In this study, ten different hemizygous mutations in RS1 were identified in 14 families with XLRS. These mutations are predicted to be pathogenic. All patients with mutations demonstrated typical signs of XLRS. The ten mutations affected different domains of retinoschisin, including the RS1 domain (1 mutation), discoidin domain (8 mutations) and C-terminal segment (1 mutation). These mutations were not randomly distributed over the gene (Fig. 3) because 80% of mutations were clustered in the discoidin domain (16). The two novel mutations, Tyr177X and Pro203Ala in the discoidin domain, may cause a shorter retinoschisin form or protein misfolding (13). The cysteine mutations in the RS1 domain (Cys59Tyr) and C-terminal segment (Cys223Tyr) may cause failure of the discoidin domain to assemble into a normal multisubunit complex (17,18).

Figure 3

Distribution of the mutations detected a linear diagram of RS1 showing the organization of retinoschisin into domains and segments.
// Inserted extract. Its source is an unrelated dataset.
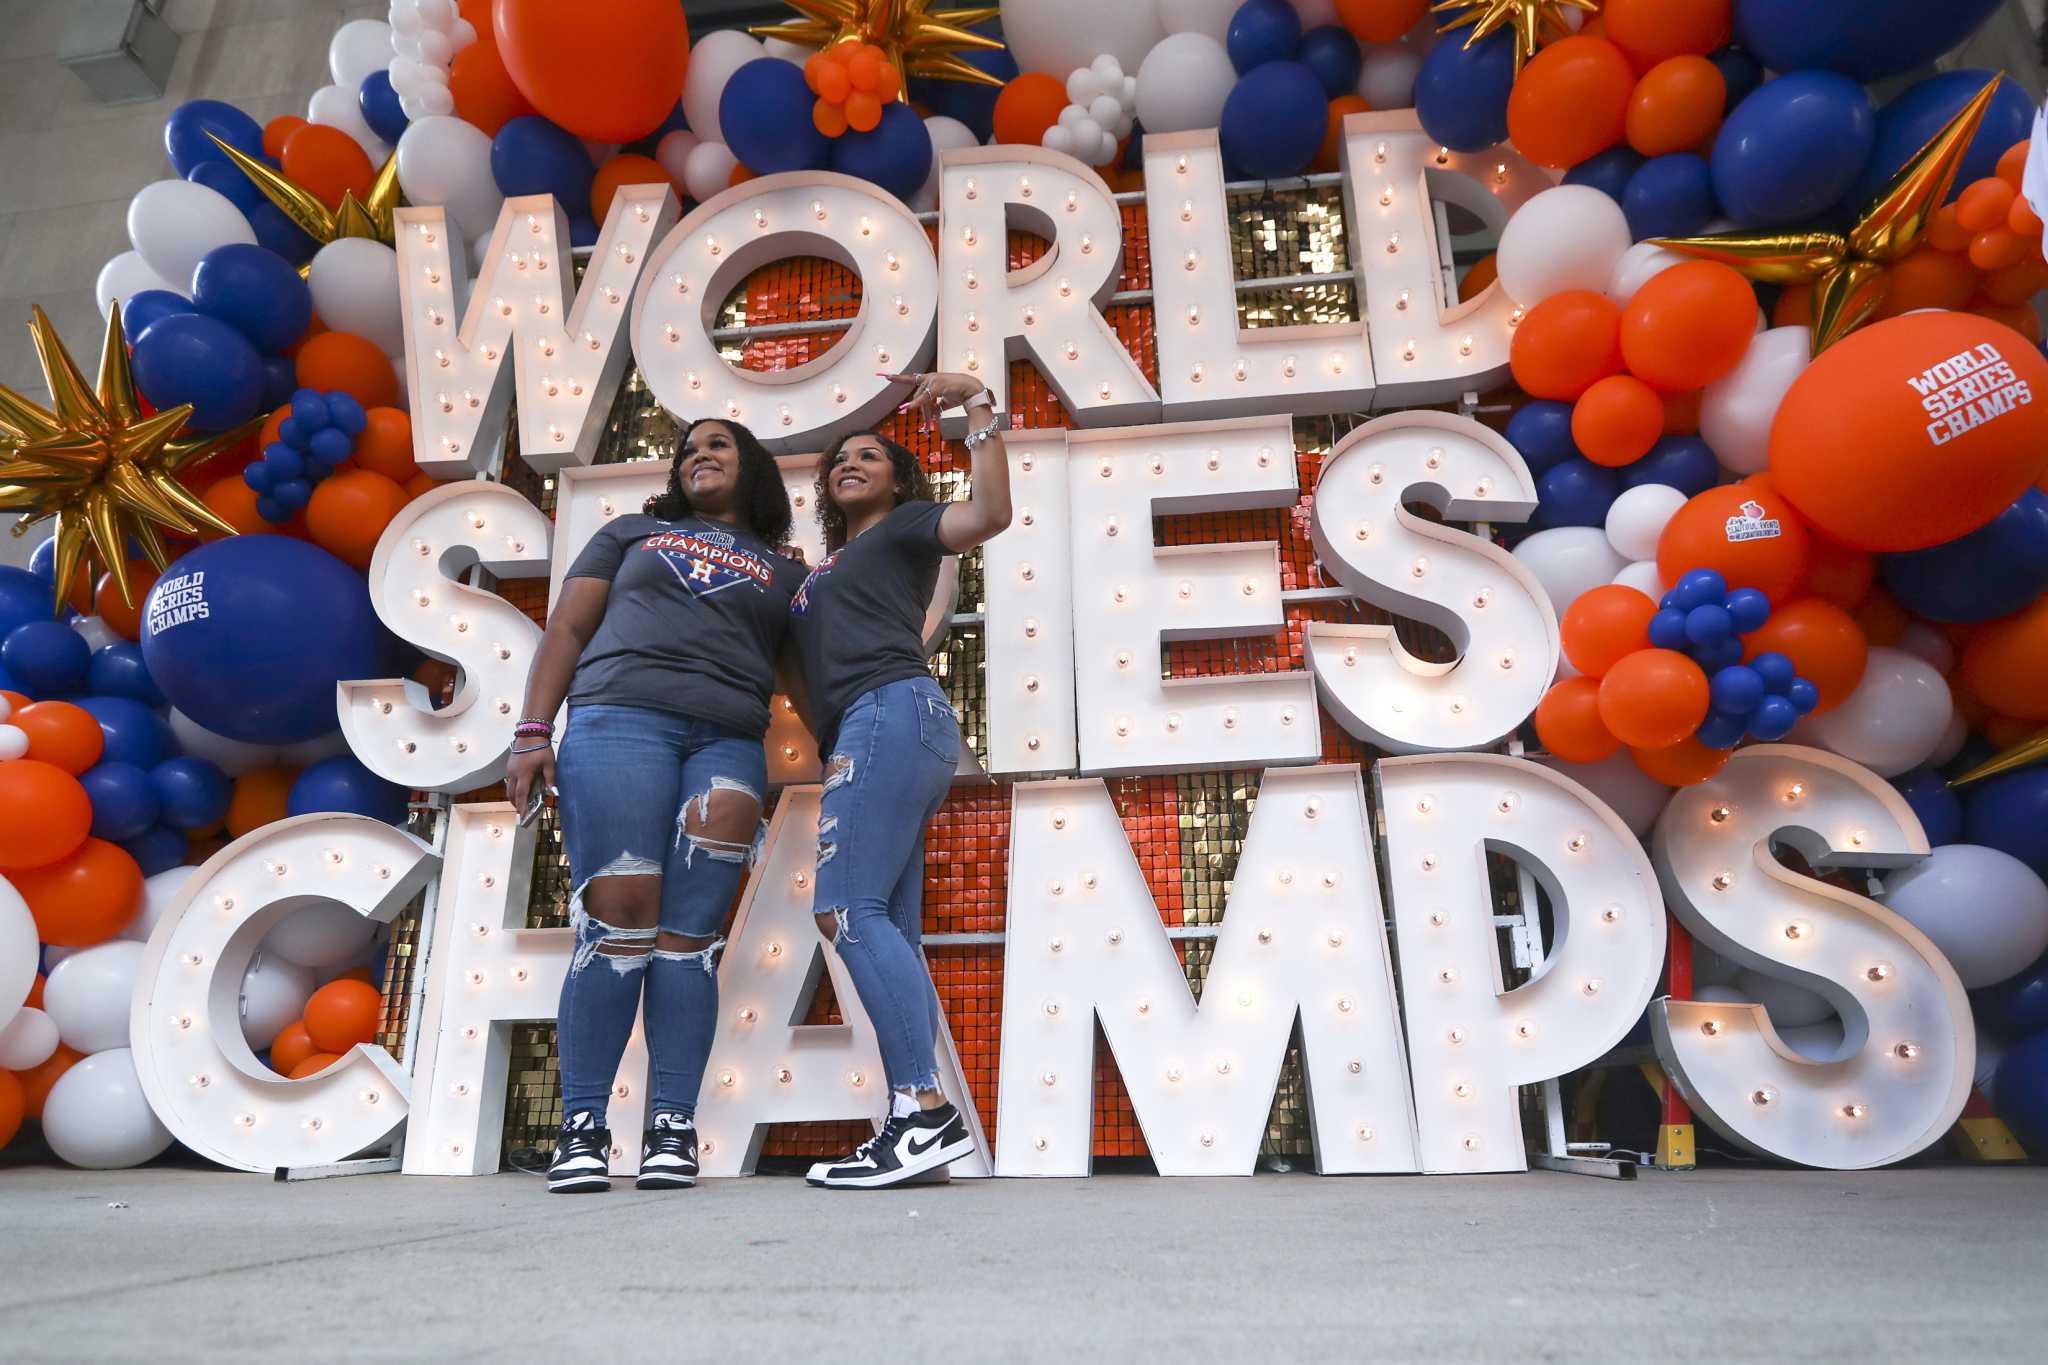 Houston Astros World Series victory parade and rally turned

Most of RS1 mutation loci were hot mutation spots, while the Cys59, Glu72, Arg102, Glu146, Arg182, Arg200, Pro203, Glu215 and Cys223 could be substituted by 1–2 other kinds of amino acids and be reported more frequently (19–30). However, the mutations in the present study also differed from those reported previously. The RS1 mutations accounts for 70% of the Chinese retinoschisis (14/20) cases in our study. The Cys59Tyr, Tyr177X, Pro203Ala, Glu215Val and Cys223Tyr mutations only are present in the Chinese population (31), and the Cys59Tyr mutation was more common (10% frequency in our retinoschisis cases). The Glu72Lys mutation is the most common among Chinese (15%) as well as other populations (19,32), while another very common mutation, Pro192Ser (33), which was reported from people of different ethnic backgrounds was not found. We do not know whether the spectrum and frequency of RS1 gene in the Chinese is different from others. Our study contributes to the current state of knowledge.

In summary, we identified ten mutations in 14 of 20 families with XLRS. Our results expand the mutation spectrum of RS1 that might enrich our understanding of the molecular basis of XLRS in the Chinese population.